Film notes
Gaston Velle: Pierrots, Poupées, Pantomime
This program is dedicated to Bryony Dixon and David Mayer
If early cinema weren’t (most of the time) beautiful and fascinating, it would still be invaluable as the documentation of nearly every imaginable subject matter. Take Pantomime and you find in Velle’s oeuvre two vues Lumière featuring the eternal triangle-trouble of Pierrot, Arlequin and Columbine (1902); an upper-level free dressage of a bicycle (1906); a fragment of Le avventure di Pulcinella (1907), one of the very few surviving films Velle made in Rome, where he helped to build up the fledgling Italian film industry; and, at the far end of his time as a filmmaker, the mime Séverin in Le Cauchemar de Pierrot (1911).
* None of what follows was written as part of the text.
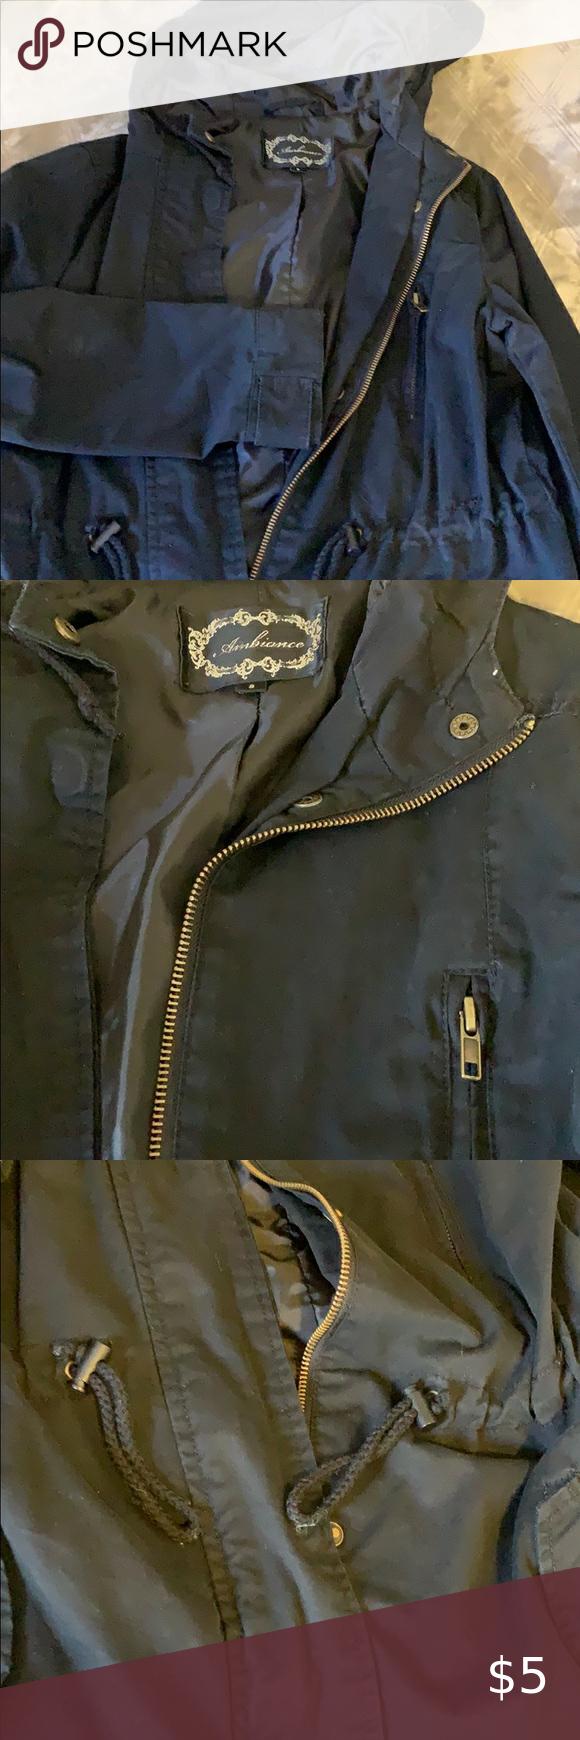 Ambiance Jacket Used Ambiance Jackets Coats Jackets Women Shopping Jackets For Women [ 1740 x 580 Pixel ]

Séverin Cafferra (1863-1930), pupil of a pupil of the son of the legendary Debureau senior, is considered the last great French Pierrot (along with Georges Wague, the innovator, who appeares in Velle’s Rose d’or and much later coached Barrault for the rôle of Debureau in Les Enfants du Paradis). Séverin, tortured by jealousy, self-pity and murderous nightmares, is a fin-de-siècle creature; tradition ends when it turns sentimental. The riotous fun of Commedia dell’Arte, the mysterious shimmer emanating from Watteau’s satin-clad actors, are things of a vanished past.